- Task to carry out -
From the first line of the records below through the line containing "35 DIY Christmas", copy everything exactly and nothing more.

[Opening Dataset records section]

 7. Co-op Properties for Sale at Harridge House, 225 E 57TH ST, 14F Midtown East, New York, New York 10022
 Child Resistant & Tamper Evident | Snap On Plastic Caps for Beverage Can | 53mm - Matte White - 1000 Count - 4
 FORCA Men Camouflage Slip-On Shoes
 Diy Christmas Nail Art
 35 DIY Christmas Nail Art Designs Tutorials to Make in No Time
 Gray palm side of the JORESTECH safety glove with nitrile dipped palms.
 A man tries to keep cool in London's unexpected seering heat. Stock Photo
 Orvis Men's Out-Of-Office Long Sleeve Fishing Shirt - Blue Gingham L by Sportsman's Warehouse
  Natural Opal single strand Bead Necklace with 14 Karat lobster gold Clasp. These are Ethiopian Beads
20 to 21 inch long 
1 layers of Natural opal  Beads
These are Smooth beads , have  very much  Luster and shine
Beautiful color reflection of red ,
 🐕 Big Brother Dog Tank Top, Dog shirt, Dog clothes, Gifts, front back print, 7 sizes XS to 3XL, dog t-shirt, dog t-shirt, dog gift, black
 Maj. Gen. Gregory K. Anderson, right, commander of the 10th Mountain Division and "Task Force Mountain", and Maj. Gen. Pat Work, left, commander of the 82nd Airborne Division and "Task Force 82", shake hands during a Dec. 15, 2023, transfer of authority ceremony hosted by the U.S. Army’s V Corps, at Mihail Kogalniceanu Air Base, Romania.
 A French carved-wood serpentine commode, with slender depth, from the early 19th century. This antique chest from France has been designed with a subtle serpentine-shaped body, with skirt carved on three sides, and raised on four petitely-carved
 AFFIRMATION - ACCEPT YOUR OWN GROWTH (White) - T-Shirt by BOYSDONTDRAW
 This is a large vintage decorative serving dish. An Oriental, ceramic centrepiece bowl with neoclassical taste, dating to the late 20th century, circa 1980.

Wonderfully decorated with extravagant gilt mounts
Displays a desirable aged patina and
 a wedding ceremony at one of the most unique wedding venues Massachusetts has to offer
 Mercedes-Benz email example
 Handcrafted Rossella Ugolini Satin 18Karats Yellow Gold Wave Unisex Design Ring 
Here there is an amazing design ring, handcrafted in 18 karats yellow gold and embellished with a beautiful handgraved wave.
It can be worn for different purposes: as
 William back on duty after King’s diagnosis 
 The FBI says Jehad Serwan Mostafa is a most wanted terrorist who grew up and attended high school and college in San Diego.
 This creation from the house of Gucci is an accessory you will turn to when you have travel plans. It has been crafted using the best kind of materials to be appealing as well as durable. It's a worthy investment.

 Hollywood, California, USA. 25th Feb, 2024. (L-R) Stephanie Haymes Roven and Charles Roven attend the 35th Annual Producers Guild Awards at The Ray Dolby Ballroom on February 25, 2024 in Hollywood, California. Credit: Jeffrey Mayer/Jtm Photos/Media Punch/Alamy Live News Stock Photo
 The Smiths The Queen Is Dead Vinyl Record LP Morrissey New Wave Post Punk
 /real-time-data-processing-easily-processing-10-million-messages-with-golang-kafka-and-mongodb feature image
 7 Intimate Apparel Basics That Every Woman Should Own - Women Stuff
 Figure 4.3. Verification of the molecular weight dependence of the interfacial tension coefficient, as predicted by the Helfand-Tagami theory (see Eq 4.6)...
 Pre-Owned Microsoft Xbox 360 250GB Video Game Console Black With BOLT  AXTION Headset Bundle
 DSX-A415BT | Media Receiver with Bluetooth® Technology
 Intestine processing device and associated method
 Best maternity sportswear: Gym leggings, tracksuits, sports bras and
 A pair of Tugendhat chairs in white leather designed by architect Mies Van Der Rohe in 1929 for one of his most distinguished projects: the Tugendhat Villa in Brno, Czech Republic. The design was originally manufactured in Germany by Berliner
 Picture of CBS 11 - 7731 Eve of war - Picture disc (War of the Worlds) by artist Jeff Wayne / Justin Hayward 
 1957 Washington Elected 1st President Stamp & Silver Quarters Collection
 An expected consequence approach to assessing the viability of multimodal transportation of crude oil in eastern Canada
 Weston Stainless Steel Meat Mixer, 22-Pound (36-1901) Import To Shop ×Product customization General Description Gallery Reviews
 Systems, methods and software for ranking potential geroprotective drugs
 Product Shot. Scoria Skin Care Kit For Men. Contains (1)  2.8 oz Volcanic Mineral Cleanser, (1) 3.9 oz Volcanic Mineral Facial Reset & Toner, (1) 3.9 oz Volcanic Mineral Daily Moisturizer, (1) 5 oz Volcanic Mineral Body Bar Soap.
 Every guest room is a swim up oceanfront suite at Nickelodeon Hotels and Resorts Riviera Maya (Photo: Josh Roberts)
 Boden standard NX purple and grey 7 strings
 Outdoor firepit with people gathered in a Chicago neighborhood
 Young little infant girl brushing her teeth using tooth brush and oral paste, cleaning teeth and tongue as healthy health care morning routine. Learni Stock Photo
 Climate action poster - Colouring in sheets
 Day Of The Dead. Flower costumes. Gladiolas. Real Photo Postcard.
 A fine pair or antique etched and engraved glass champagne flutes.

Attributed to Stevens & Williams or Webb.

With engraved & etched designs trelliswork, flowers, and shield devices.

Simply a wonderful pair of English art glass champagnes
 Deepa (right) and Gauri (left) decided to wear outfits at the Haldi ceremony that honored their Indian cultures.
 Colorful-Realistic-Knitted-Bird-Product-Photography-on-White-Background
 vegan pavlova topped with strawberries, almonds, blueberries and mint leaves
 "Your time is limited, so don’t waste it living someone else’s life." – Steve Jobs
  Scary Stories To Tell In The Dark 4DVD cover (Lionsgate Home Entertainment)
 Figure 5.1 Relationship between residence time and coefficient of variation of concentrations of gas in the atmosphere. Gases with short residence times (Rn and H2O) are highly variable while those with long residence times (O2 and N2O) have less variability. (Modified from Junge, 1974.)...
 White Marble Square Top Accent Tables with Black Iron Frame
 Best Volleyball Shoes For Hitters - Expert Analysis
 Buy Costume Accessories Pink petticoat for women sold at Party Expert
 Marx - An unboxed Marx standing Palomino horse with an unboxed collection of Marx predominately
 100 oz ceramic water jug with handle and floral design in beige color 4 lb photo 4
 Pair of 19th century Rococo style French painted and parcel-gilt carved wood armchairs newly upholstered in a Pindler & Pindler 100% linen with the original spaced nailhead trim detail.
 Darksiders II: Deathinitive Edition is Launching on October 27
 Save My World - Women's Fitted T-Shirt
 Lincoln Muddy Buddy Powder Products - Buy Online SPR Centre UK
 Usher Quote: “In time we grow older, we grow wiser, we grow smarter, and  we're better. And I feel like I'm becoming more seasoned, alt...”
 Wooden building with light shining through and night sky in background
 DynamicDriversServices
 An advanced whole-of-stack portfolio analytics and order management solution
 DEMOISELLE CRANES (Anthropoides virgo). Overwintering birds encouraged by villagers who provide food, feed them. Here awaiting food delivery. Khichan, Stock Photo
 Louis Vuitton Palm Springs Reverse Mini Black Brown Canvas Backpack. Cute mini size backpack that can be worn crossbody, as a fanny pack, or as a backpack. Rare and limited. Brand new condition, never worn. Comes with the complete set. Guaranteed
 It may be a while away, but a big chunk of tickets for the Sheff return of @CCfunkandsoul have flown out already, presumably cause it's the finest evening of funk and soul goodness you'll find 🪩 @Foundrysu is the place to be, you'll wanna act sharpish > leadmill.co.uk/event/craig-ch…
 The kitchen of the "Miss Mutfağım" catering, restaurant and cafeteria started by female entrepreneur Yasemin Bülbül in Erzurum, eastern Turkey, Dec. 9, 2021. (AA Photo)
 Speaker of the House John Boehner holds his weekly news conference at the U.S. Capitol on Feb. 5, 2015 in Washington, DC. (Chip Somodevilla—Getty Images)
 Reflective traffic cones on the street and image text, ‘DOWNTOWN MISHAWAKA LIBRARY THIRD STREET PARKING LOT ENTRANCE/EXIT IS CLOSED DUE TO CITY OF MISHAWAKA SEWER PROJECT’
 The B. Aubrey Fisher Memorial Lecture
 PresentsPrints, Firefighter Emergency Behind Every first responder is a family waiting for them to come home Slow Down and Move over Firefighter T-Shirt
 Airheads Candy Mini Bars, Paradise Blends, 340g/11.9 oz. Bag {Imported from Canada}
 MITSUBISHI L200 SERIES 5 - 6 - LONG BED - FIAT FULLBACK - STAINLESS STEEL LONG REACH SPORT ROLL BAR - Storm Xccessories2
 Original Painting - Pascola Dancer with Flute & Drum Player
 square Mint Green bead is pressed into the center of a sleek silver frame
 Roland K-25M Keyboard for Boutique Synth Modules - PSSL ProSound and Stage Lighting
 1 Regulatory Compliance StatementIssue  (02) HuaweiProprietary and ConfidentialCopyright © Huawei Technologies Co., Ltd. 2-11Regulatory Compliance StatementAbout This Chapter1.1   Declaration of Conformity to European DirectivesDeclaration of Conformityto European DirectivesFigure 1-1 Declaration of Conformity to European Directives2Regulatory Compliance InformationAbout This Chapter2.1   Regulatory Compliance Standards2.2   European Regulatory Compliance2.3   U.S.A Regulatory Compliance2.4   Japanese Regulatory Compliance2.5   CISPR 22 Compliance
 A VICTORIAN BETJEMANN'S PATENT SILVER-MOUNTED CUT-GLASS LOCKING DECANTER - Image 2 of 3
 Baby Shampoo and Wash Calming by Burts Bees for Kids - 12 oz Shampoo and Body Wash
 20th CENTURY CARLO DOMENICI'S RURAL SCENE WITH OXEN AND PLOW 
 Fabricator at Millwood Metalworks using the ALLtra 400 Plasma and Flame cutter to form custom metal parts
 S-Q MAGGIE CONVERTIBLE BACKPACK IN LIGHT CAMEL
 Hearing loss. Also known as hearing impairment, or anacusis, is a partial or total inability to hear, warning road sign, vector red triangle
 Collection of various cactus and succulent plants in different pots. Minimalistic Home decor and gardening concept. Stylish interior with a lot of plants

[Closing Dataset records section]

- Task answer -
 7. Co-op Properties for Sale at Harridge House, 225 E 57TH ST, 14F Midtown East, New York, New York 10022
 Child Resistant & Tamper Evident | Snap On Plastic Caps for Beverage Can | 53mm - Matte White - 1000 Count - 4
 FORCA Men Camouflage Slip-On Shoes
 Diy Christmas Nail Art
 35 DIY Christmas Nail Art Designs Tutorials to Make in No Time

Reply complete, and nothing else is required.